SMART Train, Foolish Board
November 14, 2011 Leave a comment
It seems so simple: sell the public on a transit system and keep them from turning against it. It’s been done before in countless projects across the country, from Norfolk, VA’s Tide light rail to Los Angeles’ 30/10 plan. Even in Marin, the SMART plan was approved by 70% of the population. Yet whatever political savvy the SMART Board possessed seems to have evaporated with success, leading to a drumbeat of bad news and setbacks compounded by the Board’s bumbling responses. Now, a repeal push threatens the entire project.
That effort, spearheaded by a grassroots organization under the name RepealSMART, is gathering signatures for a measure to repeal the ¼ cent sales tax that is funding the train. Despite their name, the organizers say they don’t want to repeal the project but rather want to give voters a chance to vote on the current business plan. This is ridiculous on its face, as the name of the organization calls for repeal and its website is explicitly hostile to the idea of rail transit.

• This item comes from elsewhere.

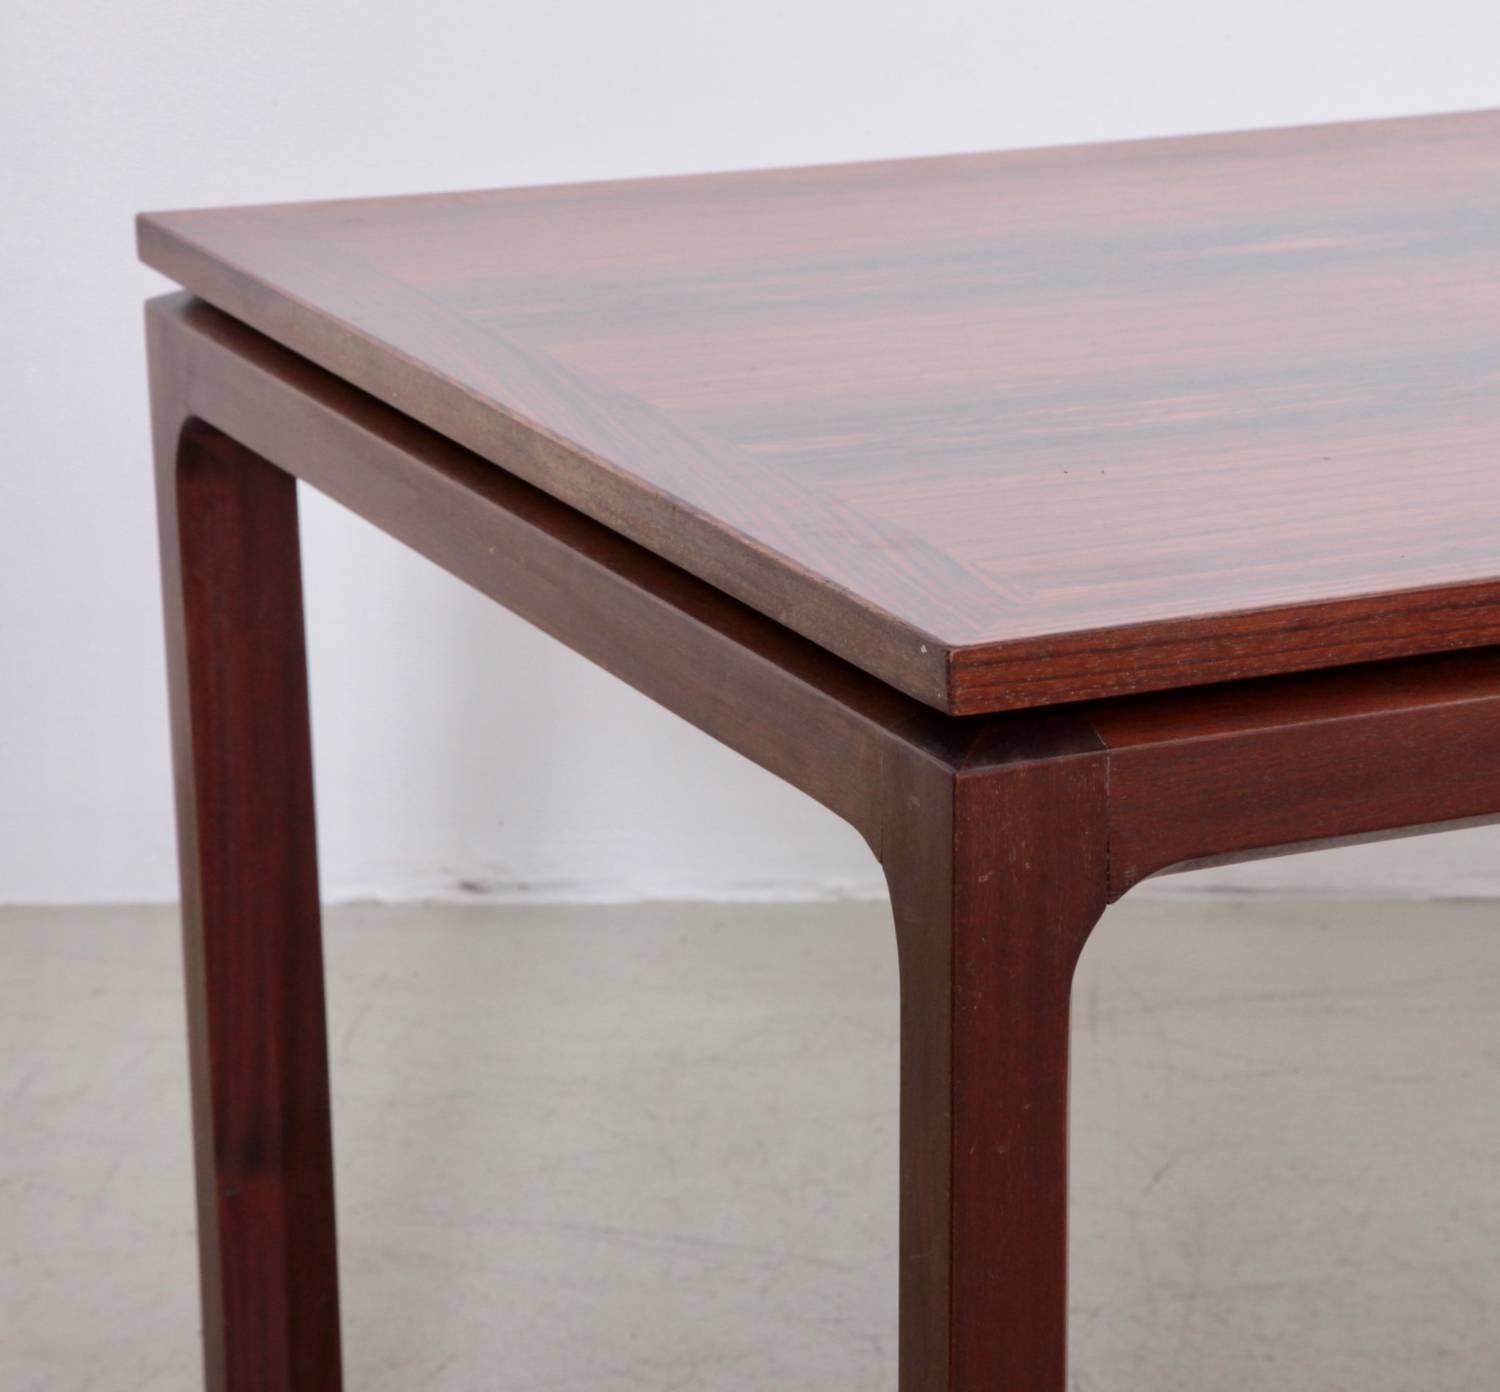 Table en bois en excellent état, base solide et plateau en placage de bois à grains fins.

Yet rather than publicly treating RepealSMART as a distraction and quietly buffing its own image, the SMART Board declared all-out war. In defiance of the Secretary of State, the Board declared itself the governing electoral body of the repeal effort. This arrogance elevated RepealSMART to the level of a large, organized resistance when, in actual fact, it was not. It perfectly plays into opponents’ narratives, and the Board looks like the bad guy while opponents look like the scrappy underdogs.

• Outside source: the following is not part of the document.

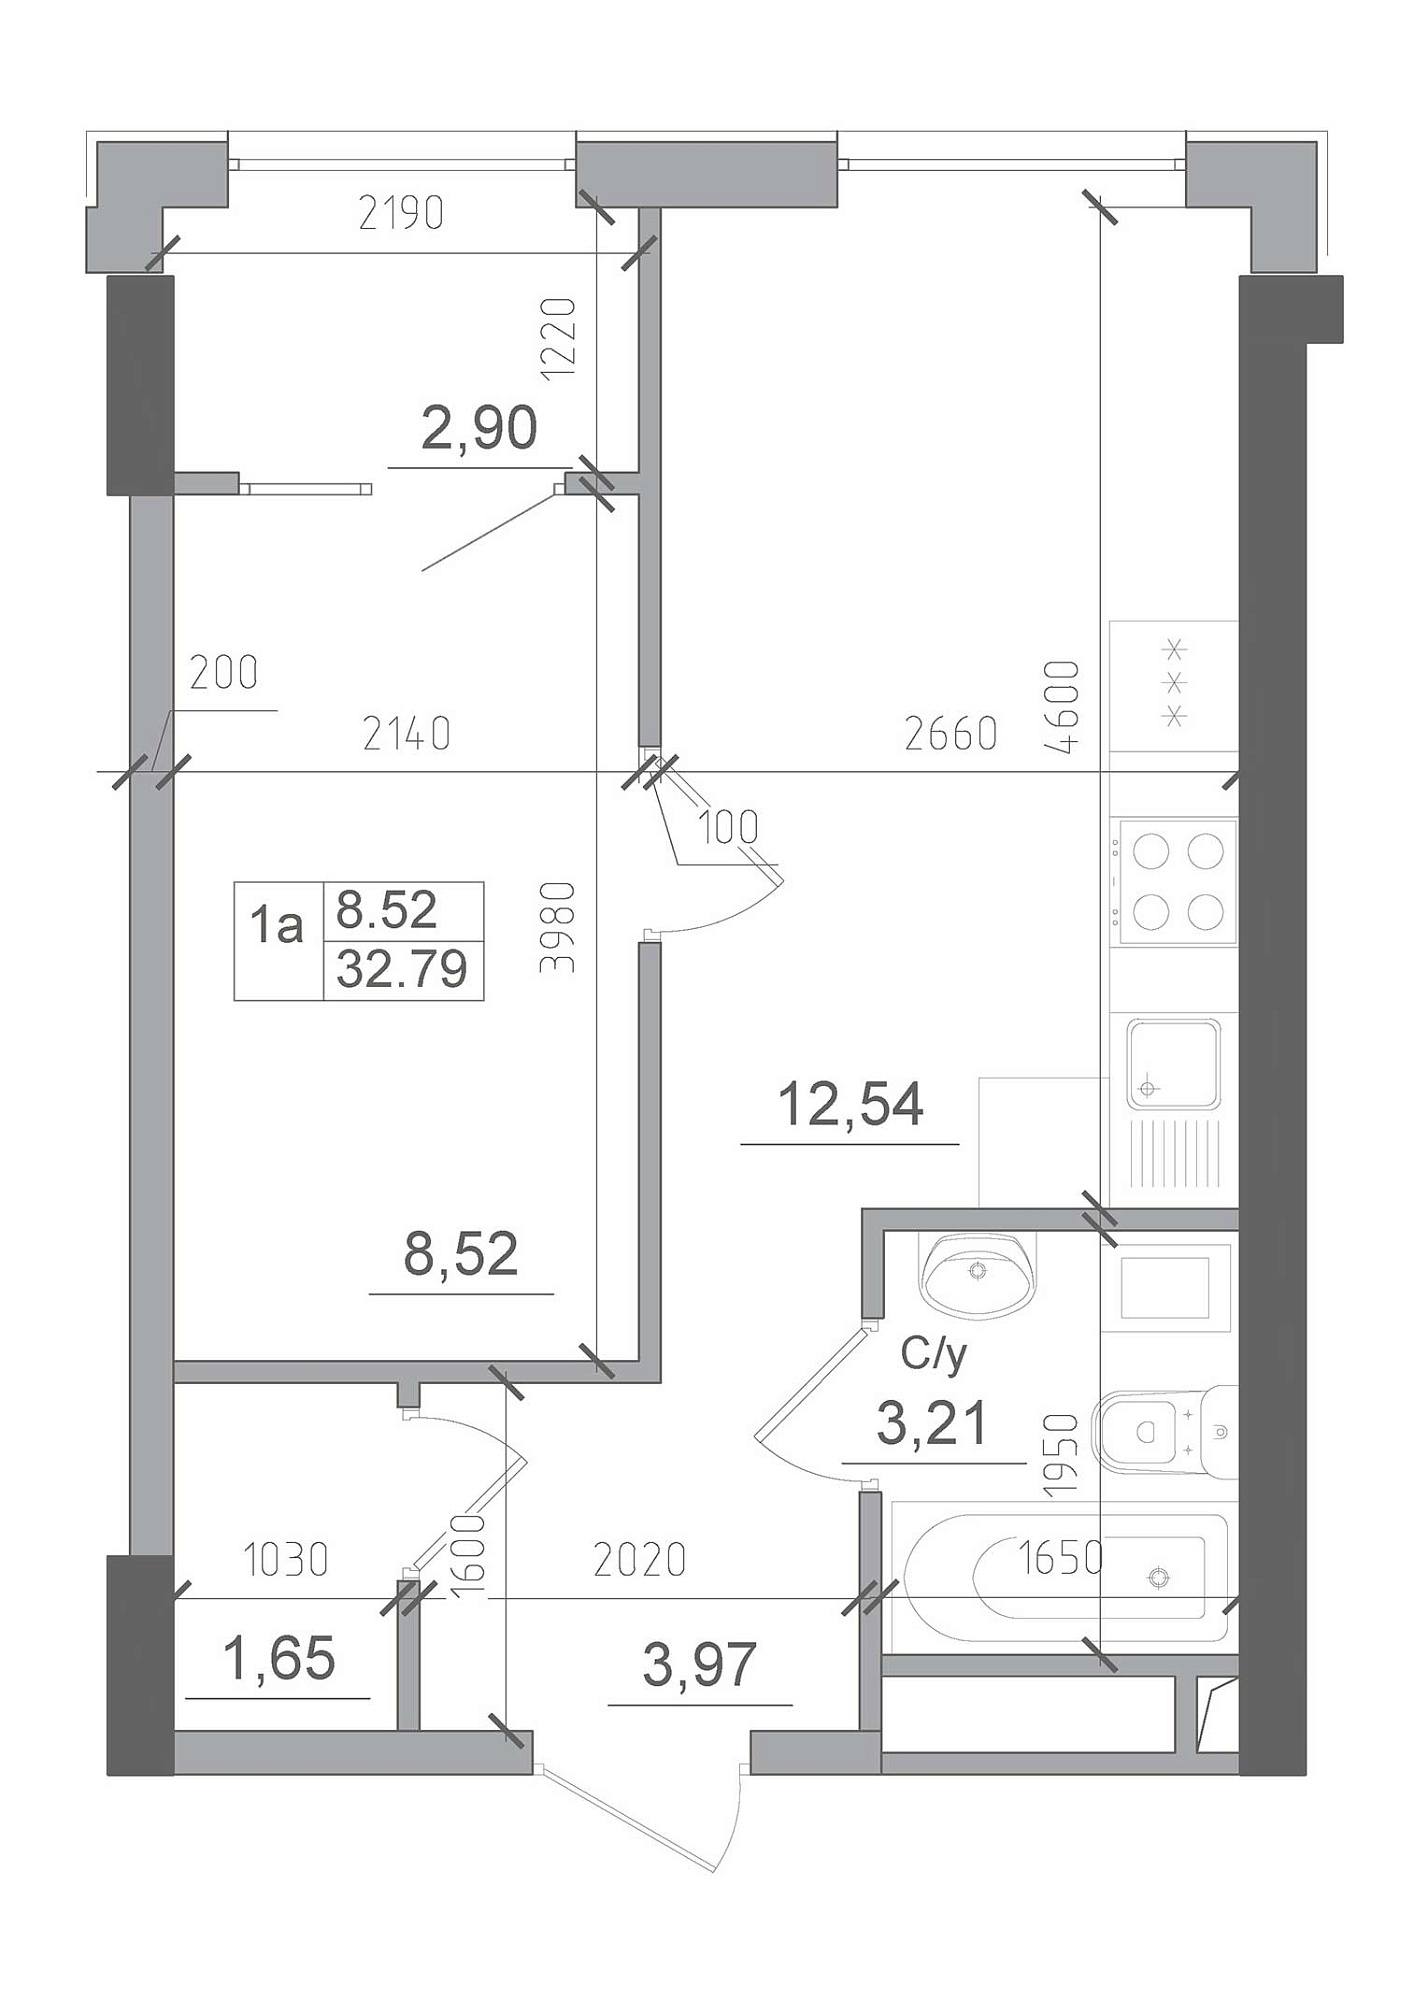 Планування 1-к квартира площею 32.79м2, AB-22-12/00001.

This is only the most recent bit of political blindness on the Board’s part. Since the collapse of funding in 2008, the Board has issued three Initial Operating Segment plans without any public input that damaged their reputation; forced out their General Manager; hired a new General Manager who, while perfectly capable, has no rail experience; and awarded this GM far more than the originally offered salary.

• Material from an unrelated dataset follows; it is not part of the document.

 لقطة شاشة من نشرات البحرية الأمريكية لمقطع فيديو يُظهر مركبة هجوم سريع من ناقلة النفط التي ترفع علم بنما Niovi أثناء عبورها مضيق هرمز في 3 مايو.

It is shocking that a board consisting of elected local politicians can have such poor political sense, and it is infuriating to me and other supporters that this trend shows no sign of stopping. The repeal effort would not be nearly as strong as it is if the Board had behaved with public perception in mind when facing the project’s challenges.
The Board’s political incompetence threatens to bury the rail project despite its vital importance to the North Bay. SMART needs to be saved from itself, but there is little sign the Board even realizes it.